Take the data below and write it out exactly, except for the pictures.

Information shown:
:::

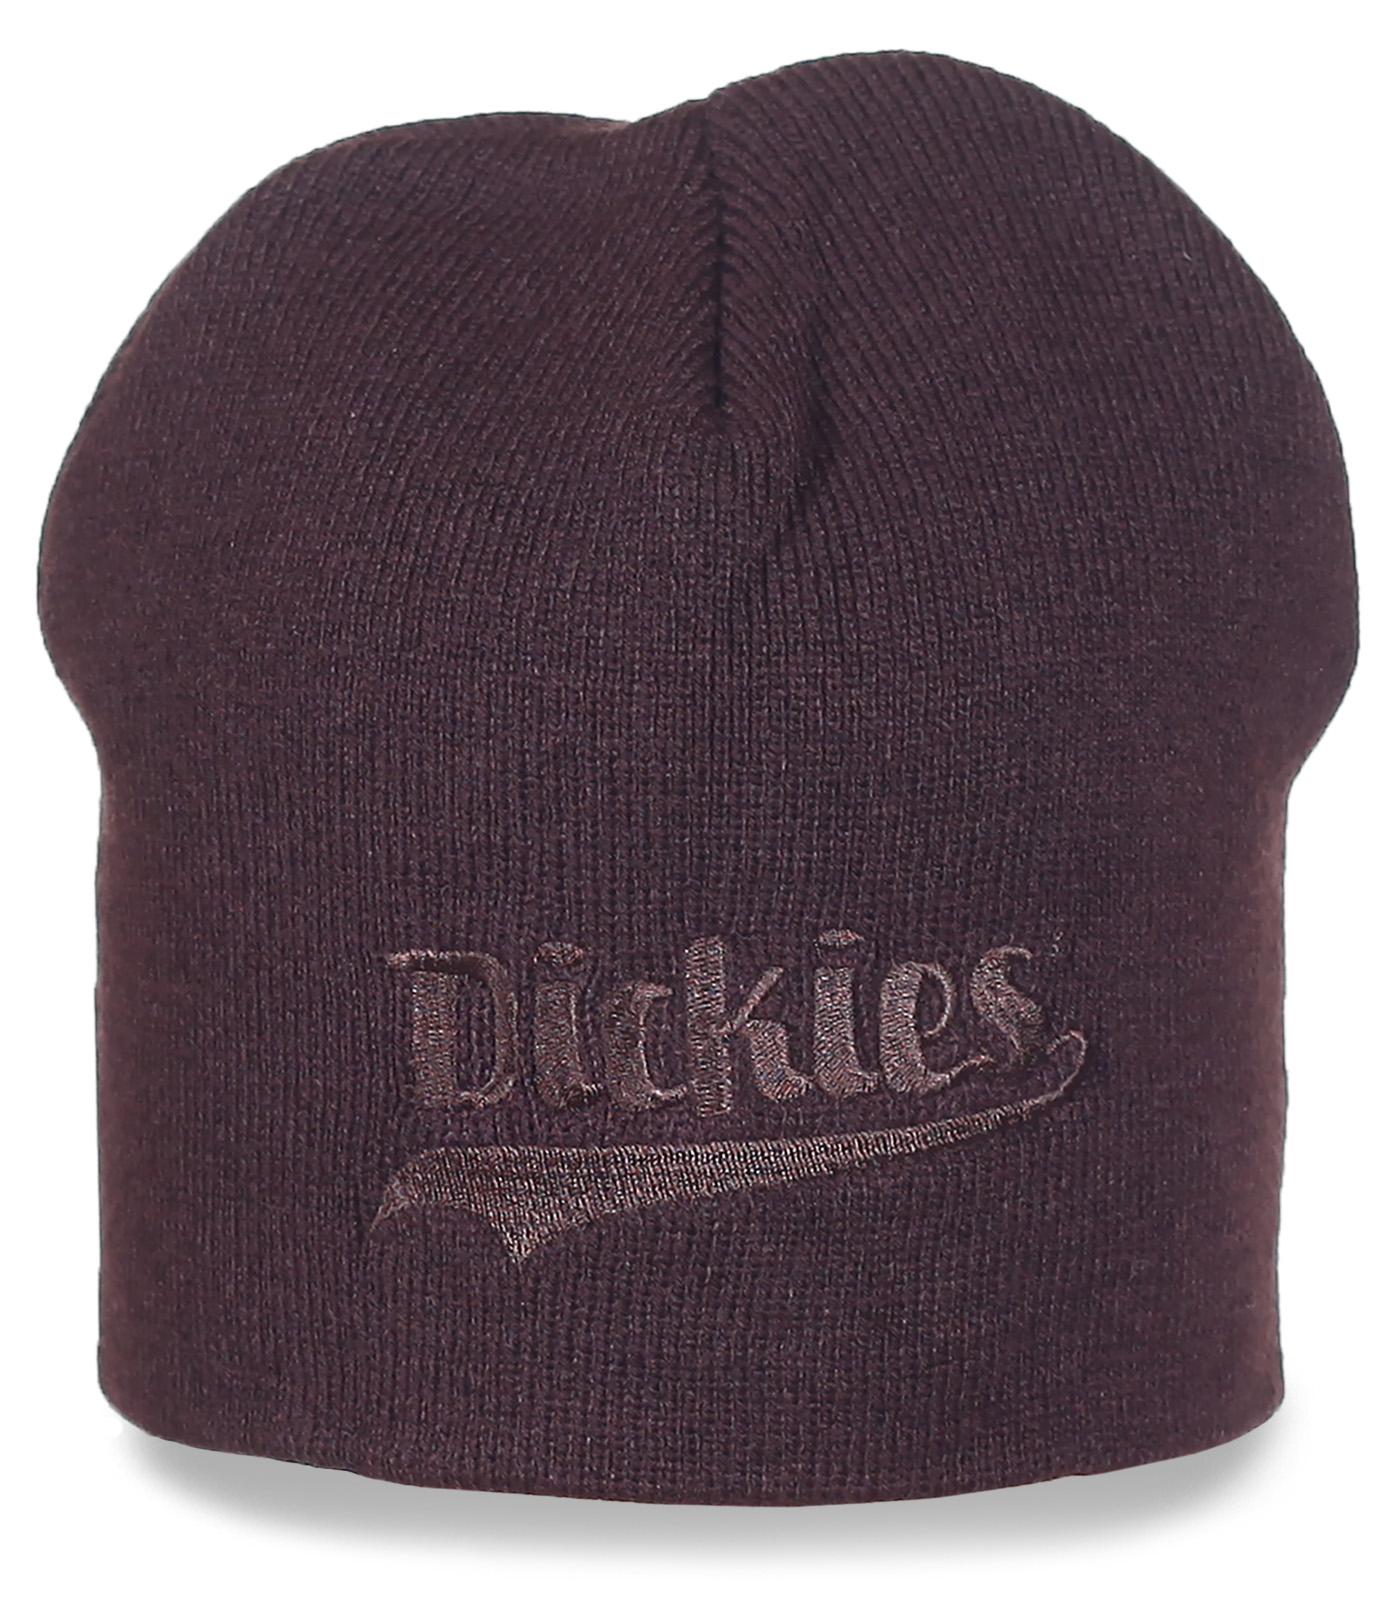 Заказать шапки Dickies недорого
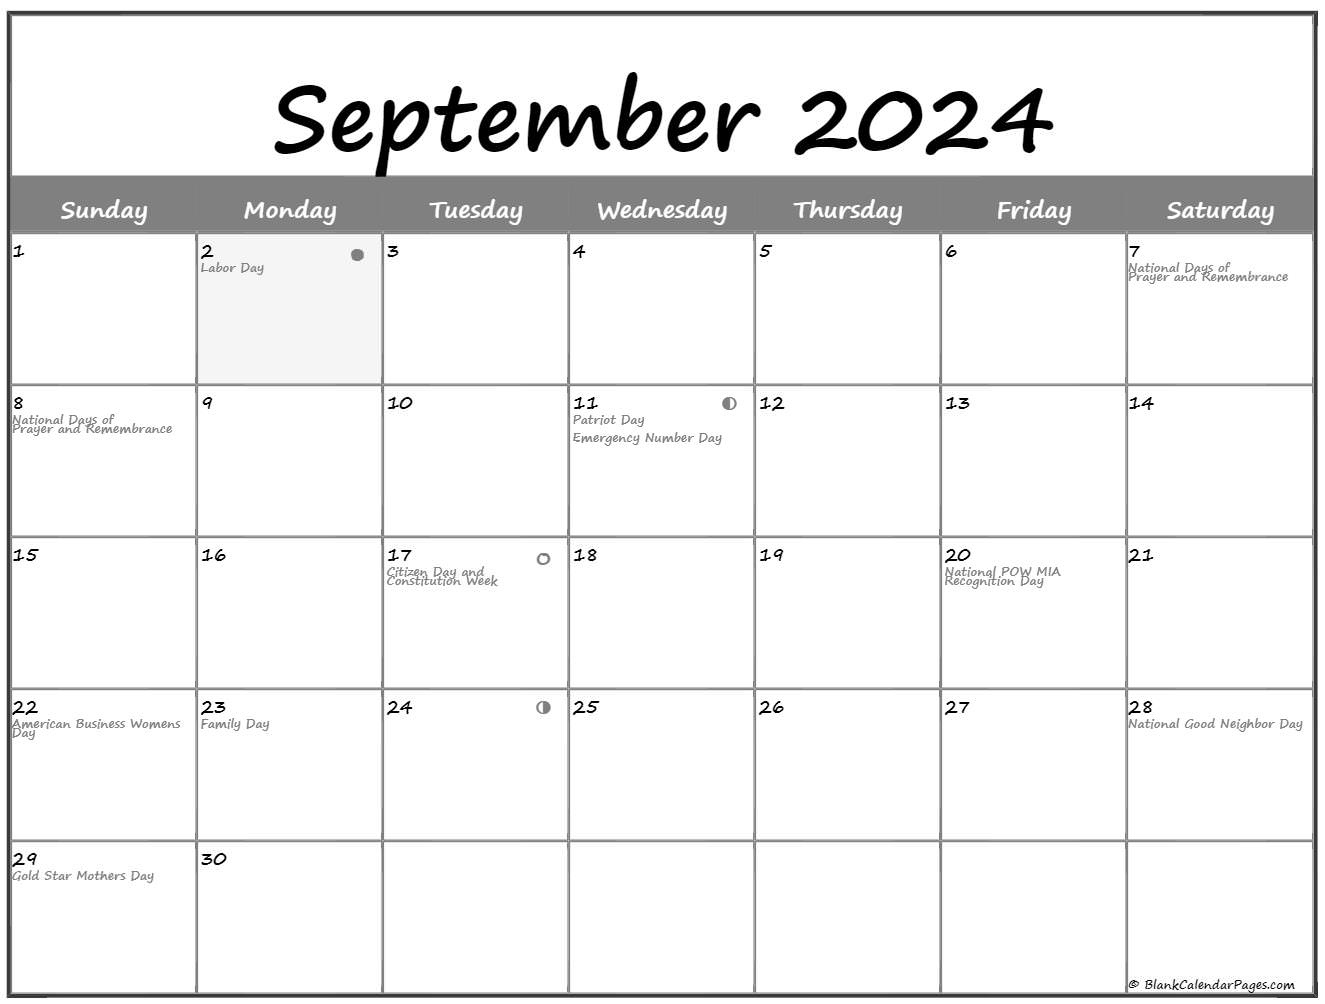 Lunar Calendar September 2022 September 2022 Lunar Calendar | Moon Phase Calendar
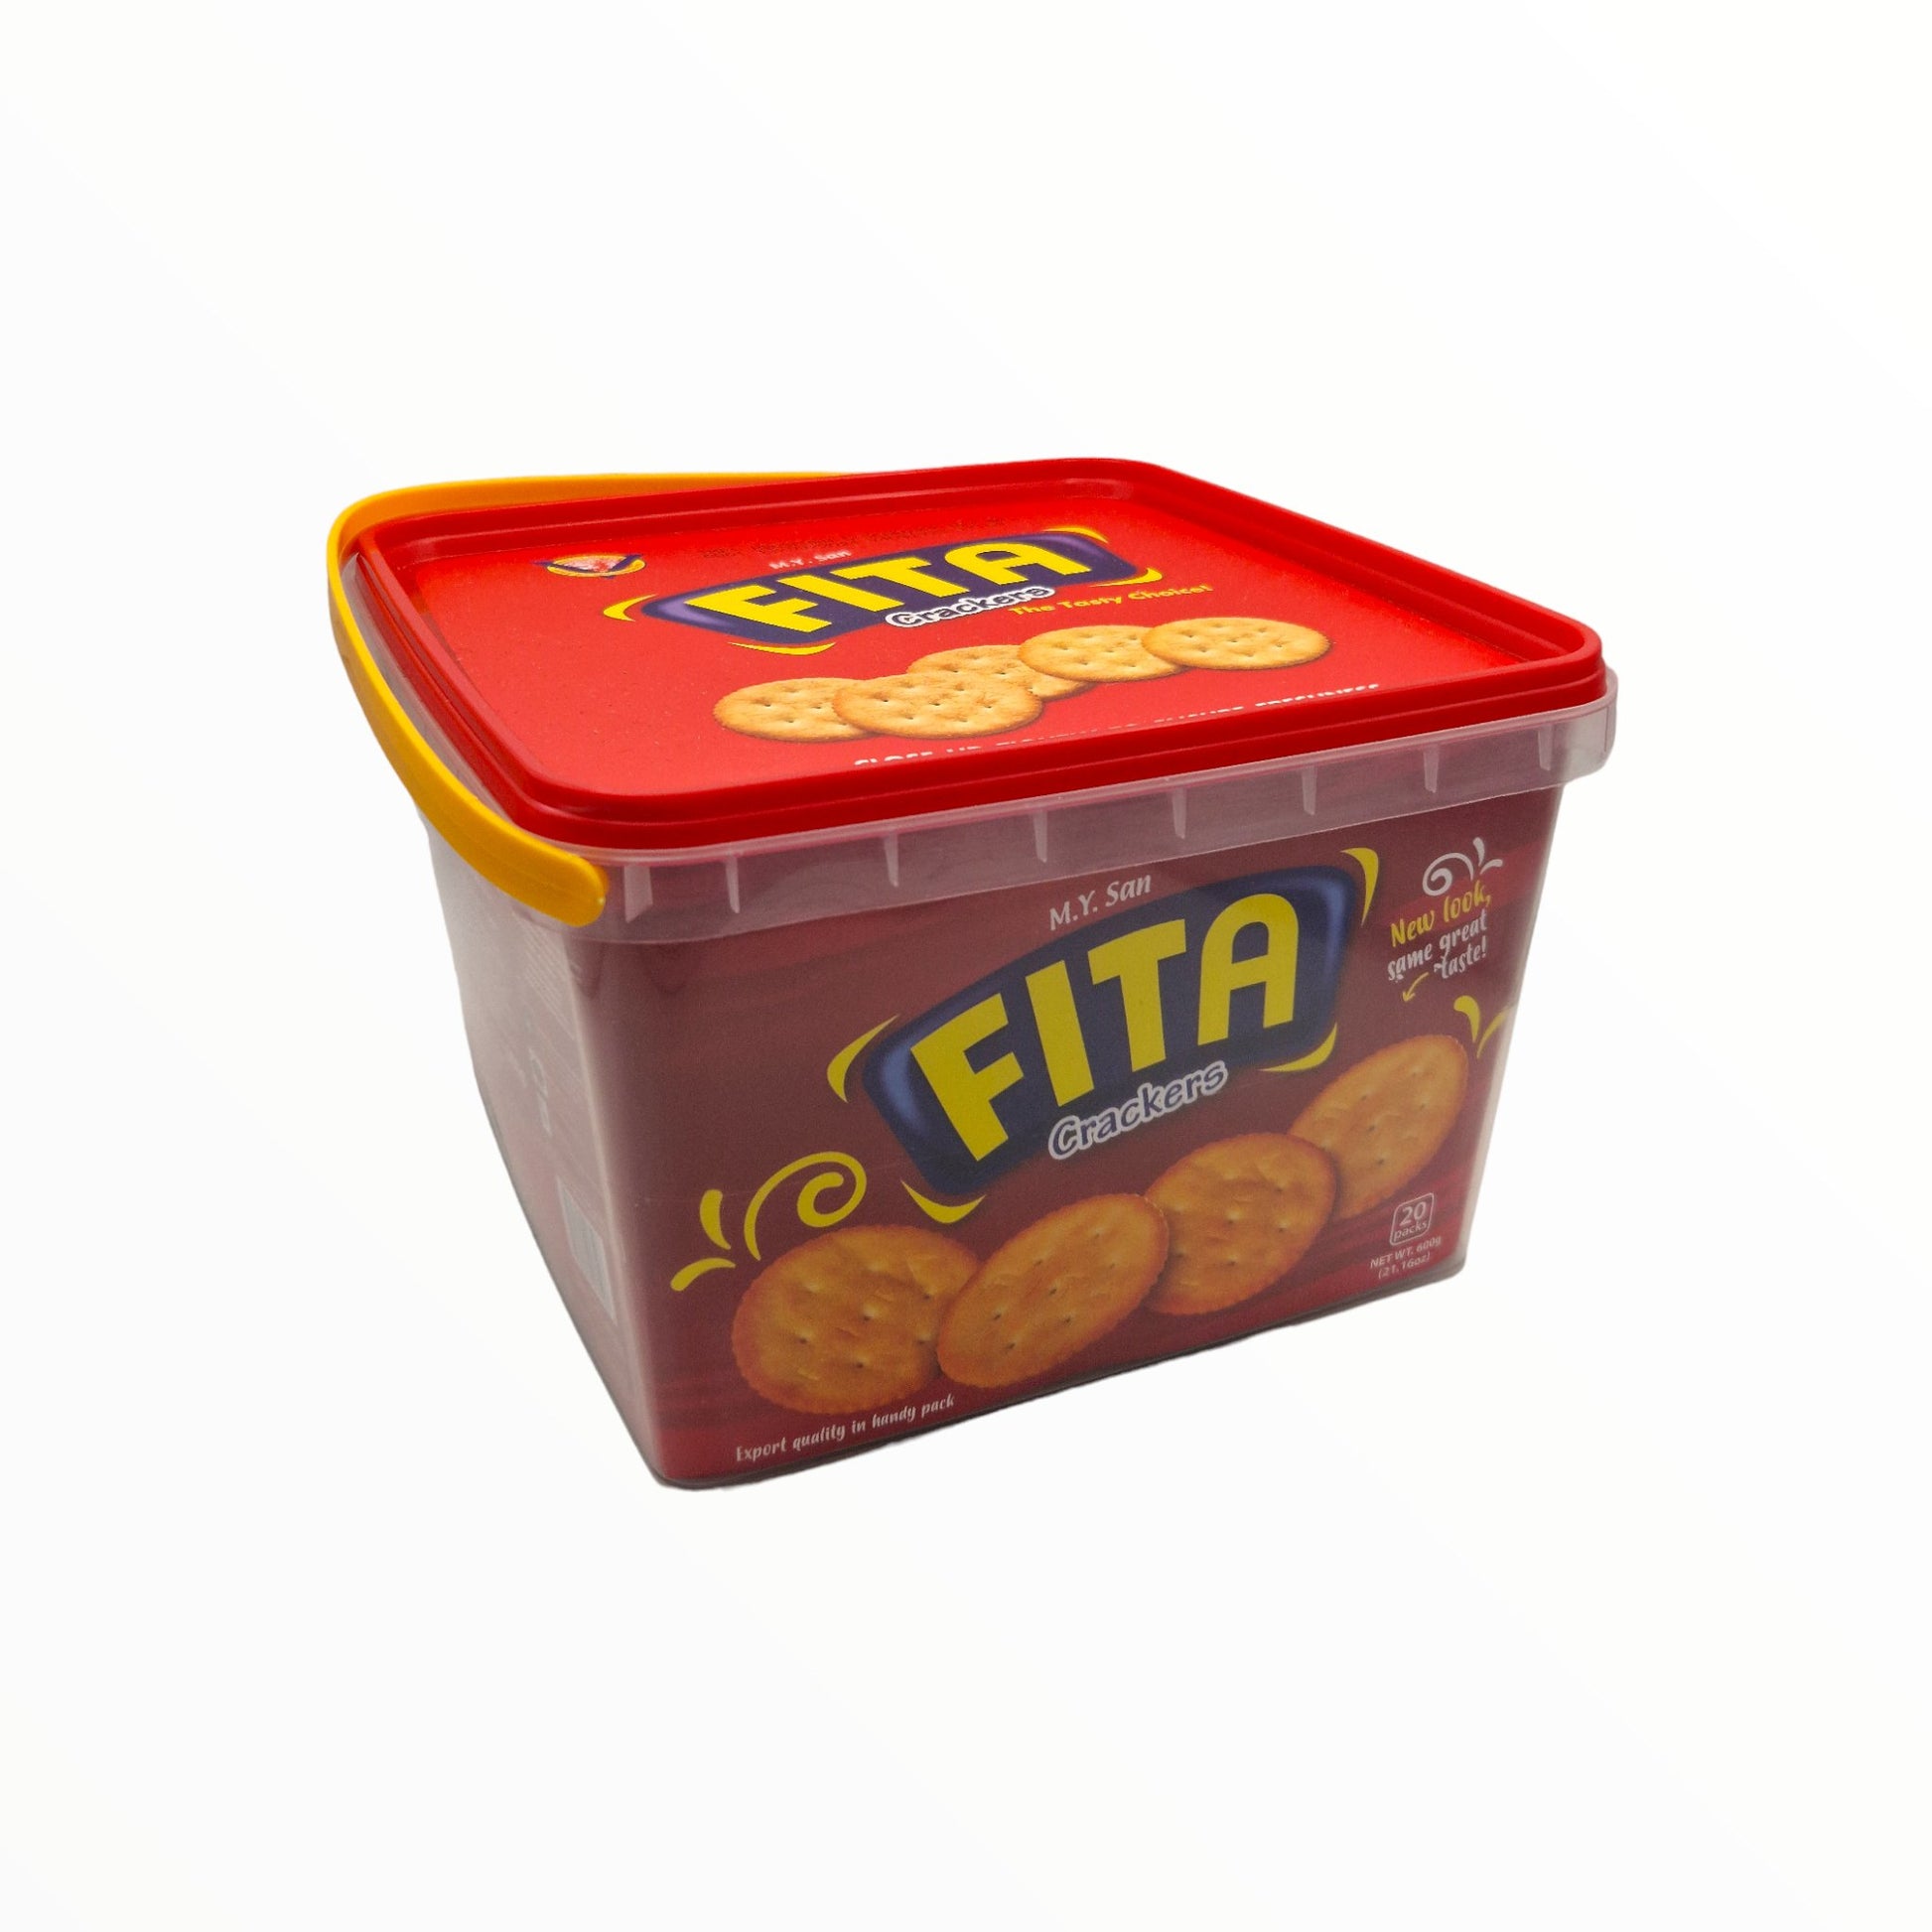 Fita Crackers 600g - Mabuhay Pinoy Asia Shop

:::

Answer area:
 Заказать шапки Dickies недорого
 Lunar Calendar September 2022 September 2022 Lunar Calendar | Moon Phase Calendar
 Fita Crackers 600g - Mabuhay Pinoy Asia Shop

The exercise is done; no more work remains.